Provided records:

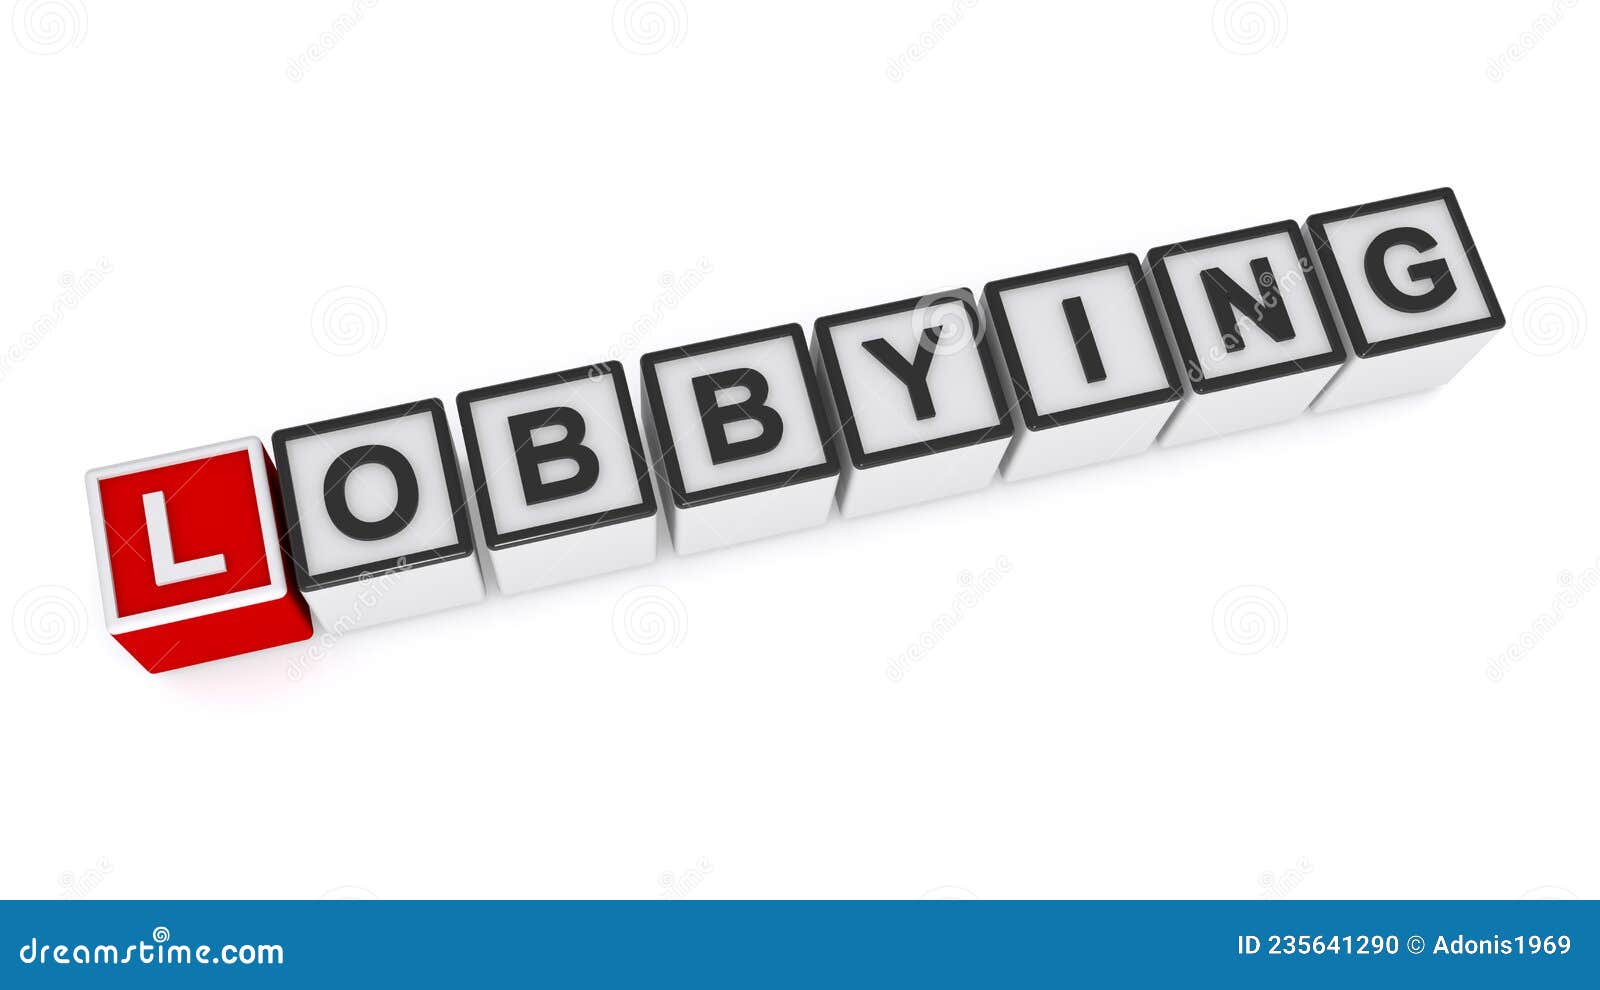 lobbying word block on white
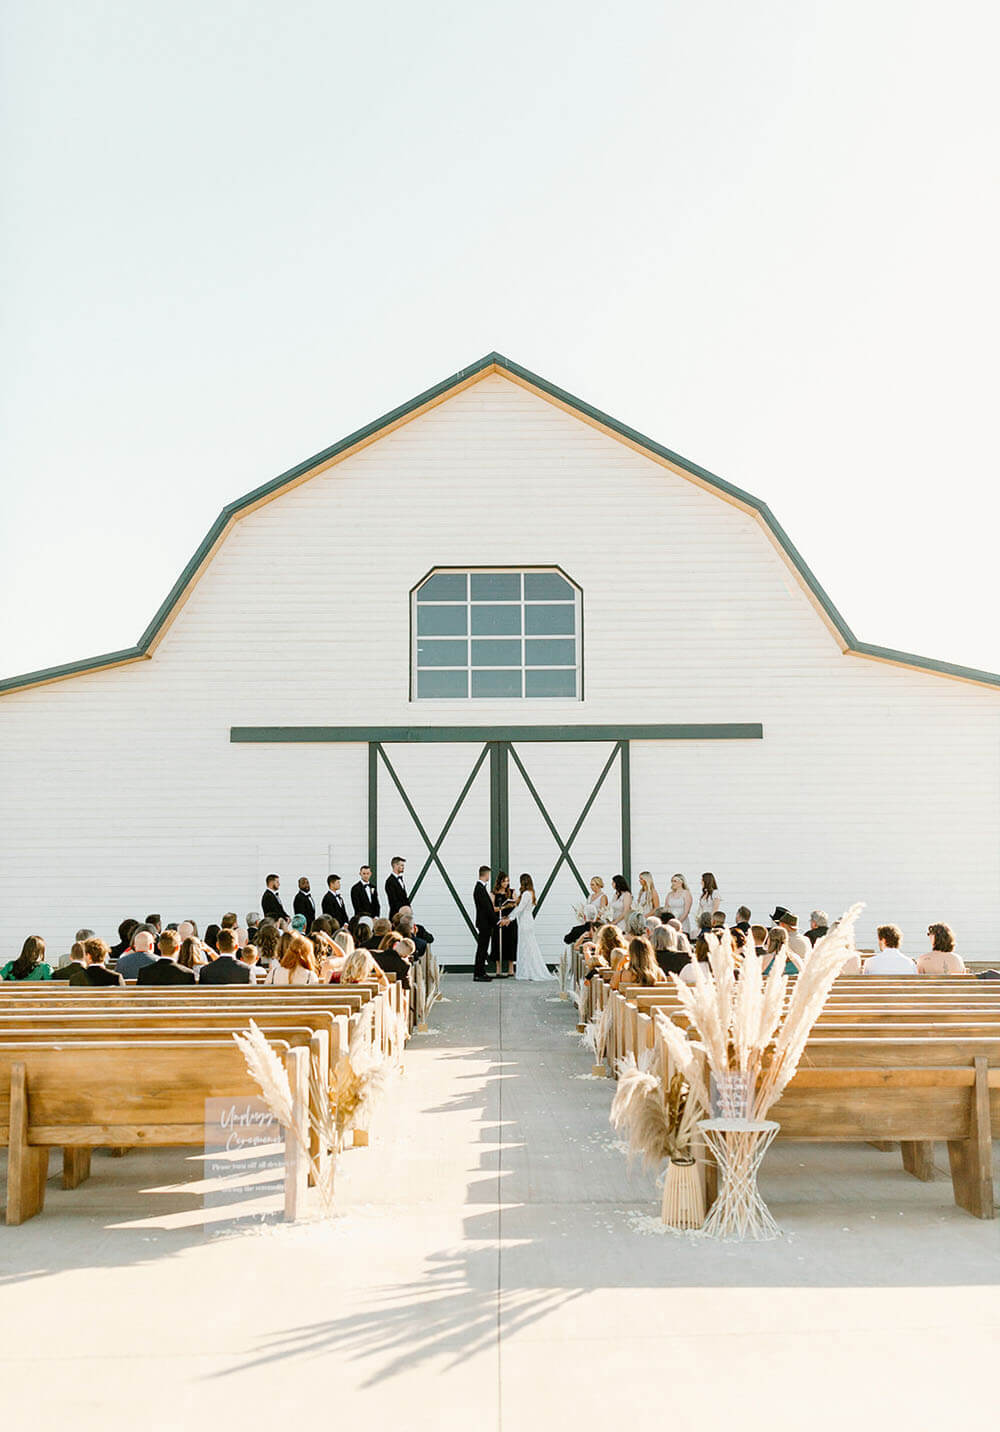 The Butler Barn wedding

==

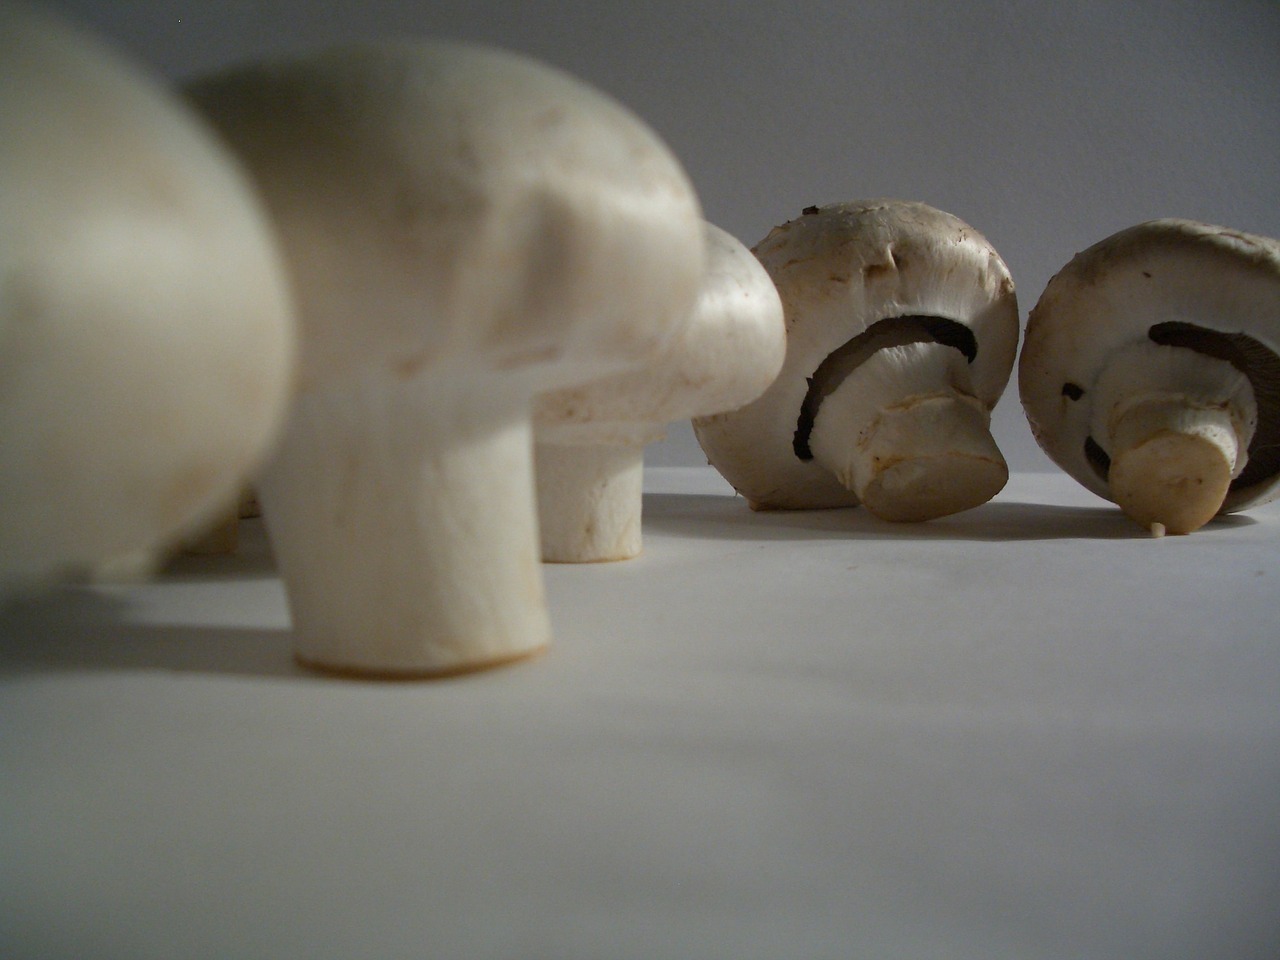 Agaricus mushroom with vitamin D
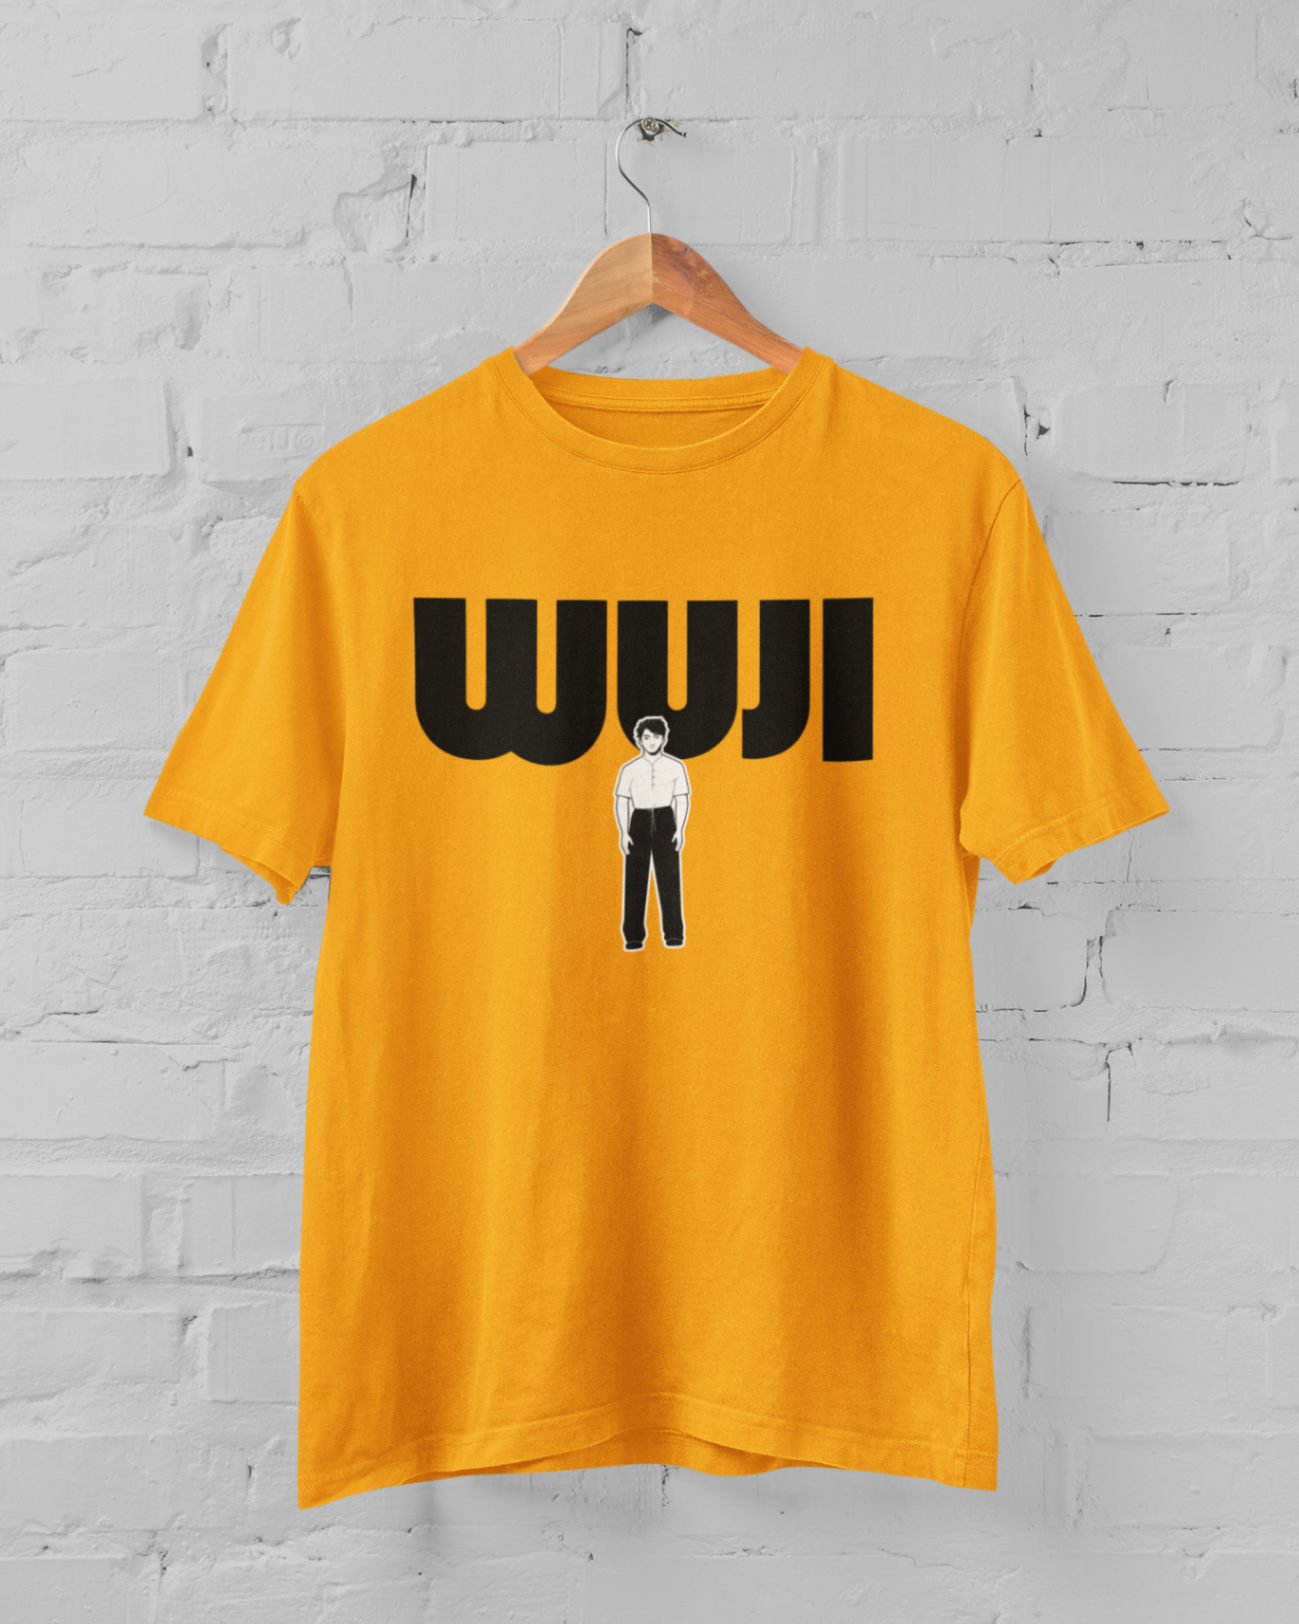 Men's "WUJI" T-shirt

---

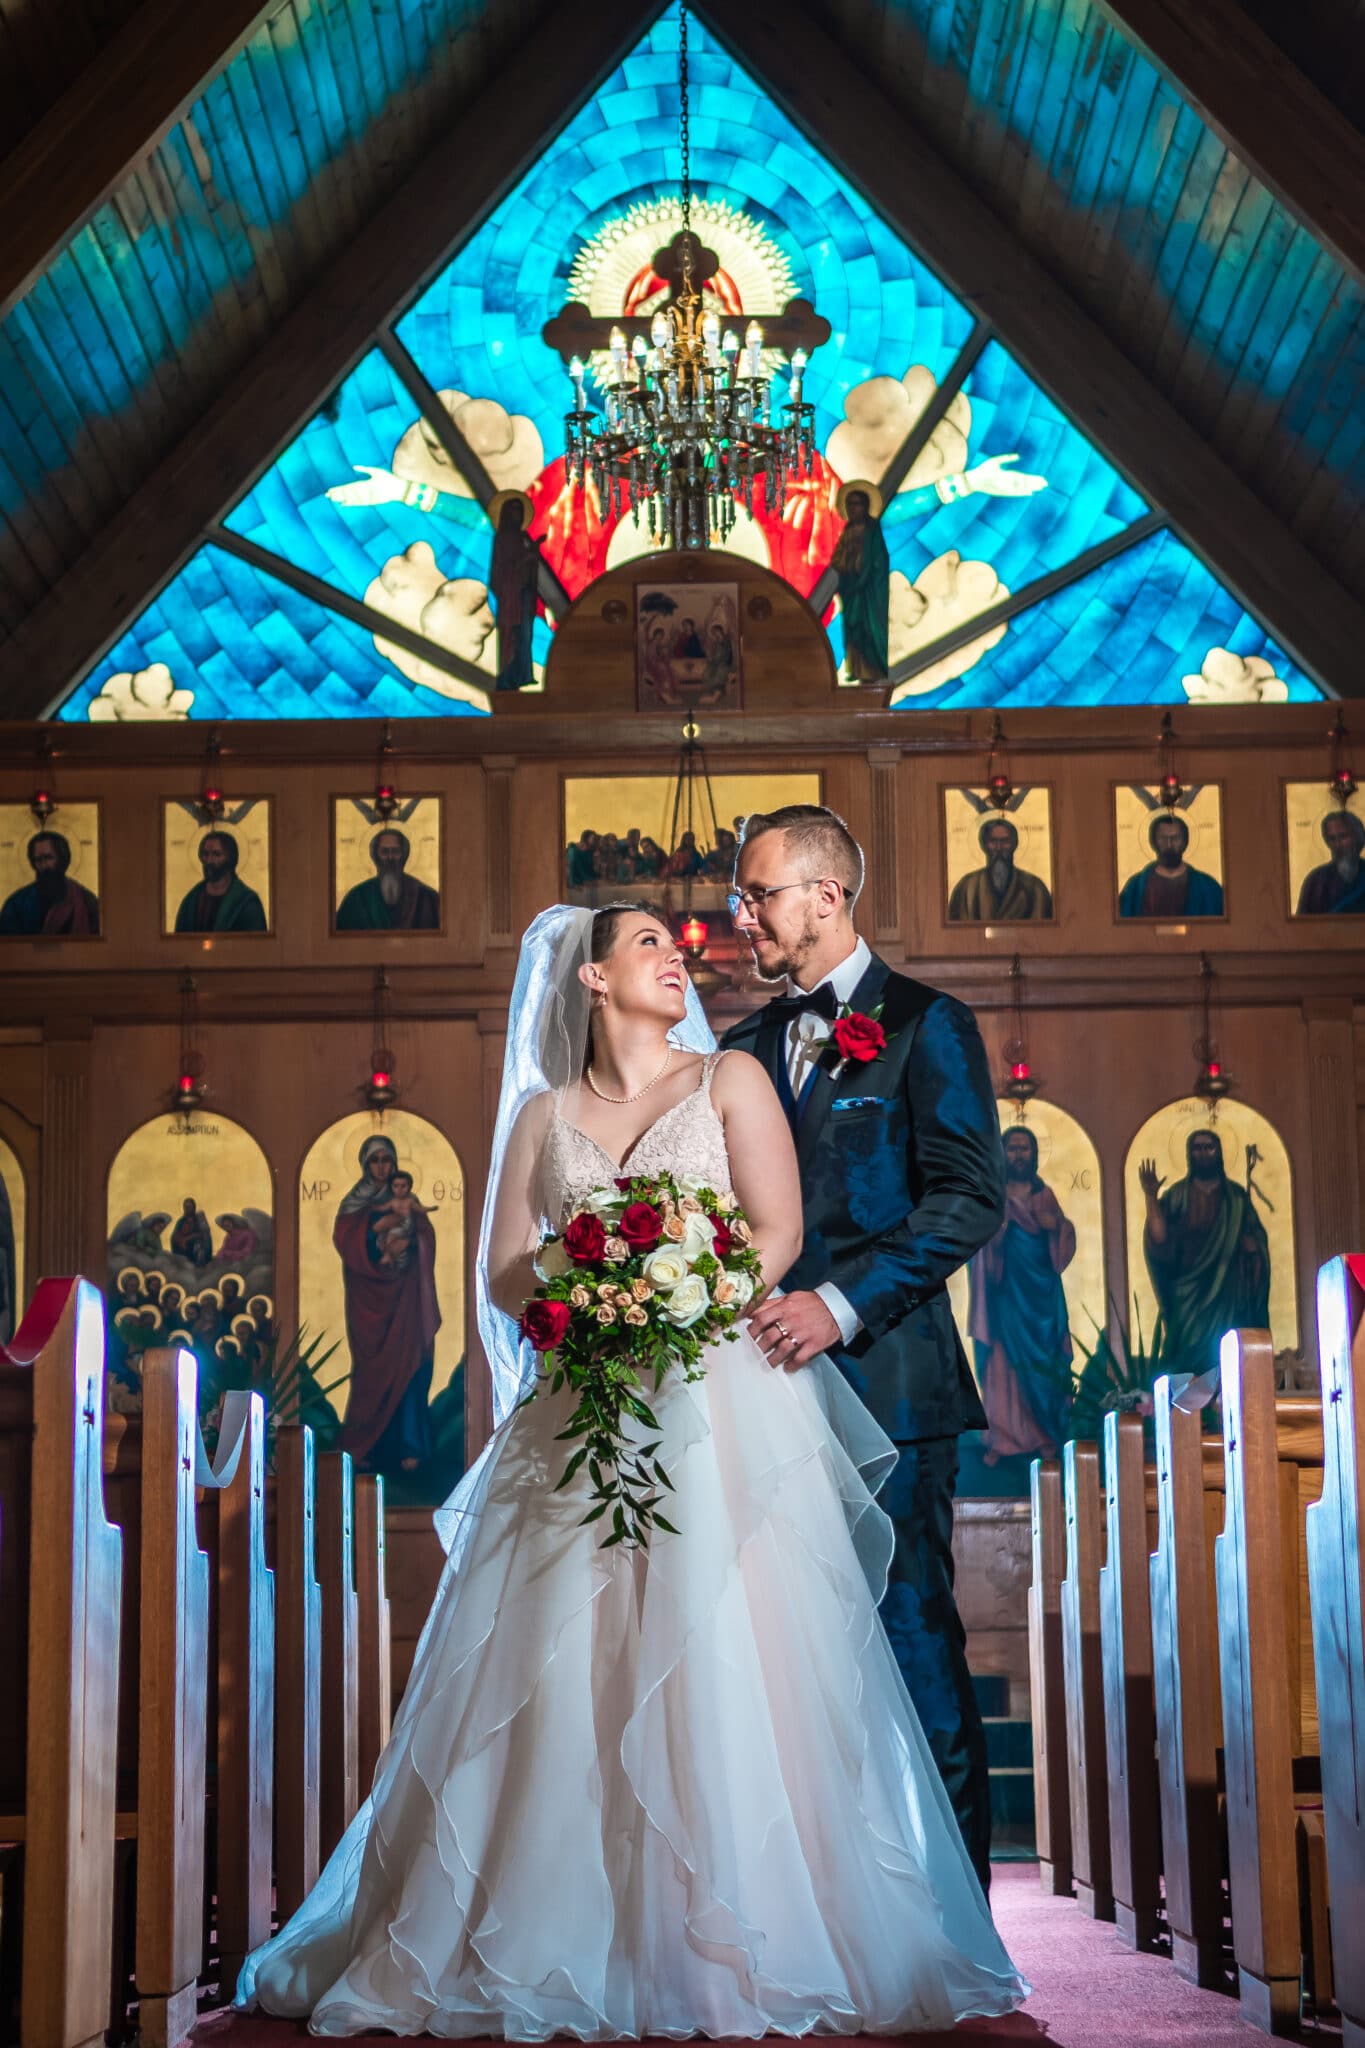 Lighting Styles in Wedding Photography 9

What to work on: Beginning with the line that contains "lobbying word block on white", write out the lines of the material above exactly, and end with the line that contains "The Butler Barn wedding". Omit the pictures.

Output of the task:
 lobbying word block on white
 The Butler Barn wedding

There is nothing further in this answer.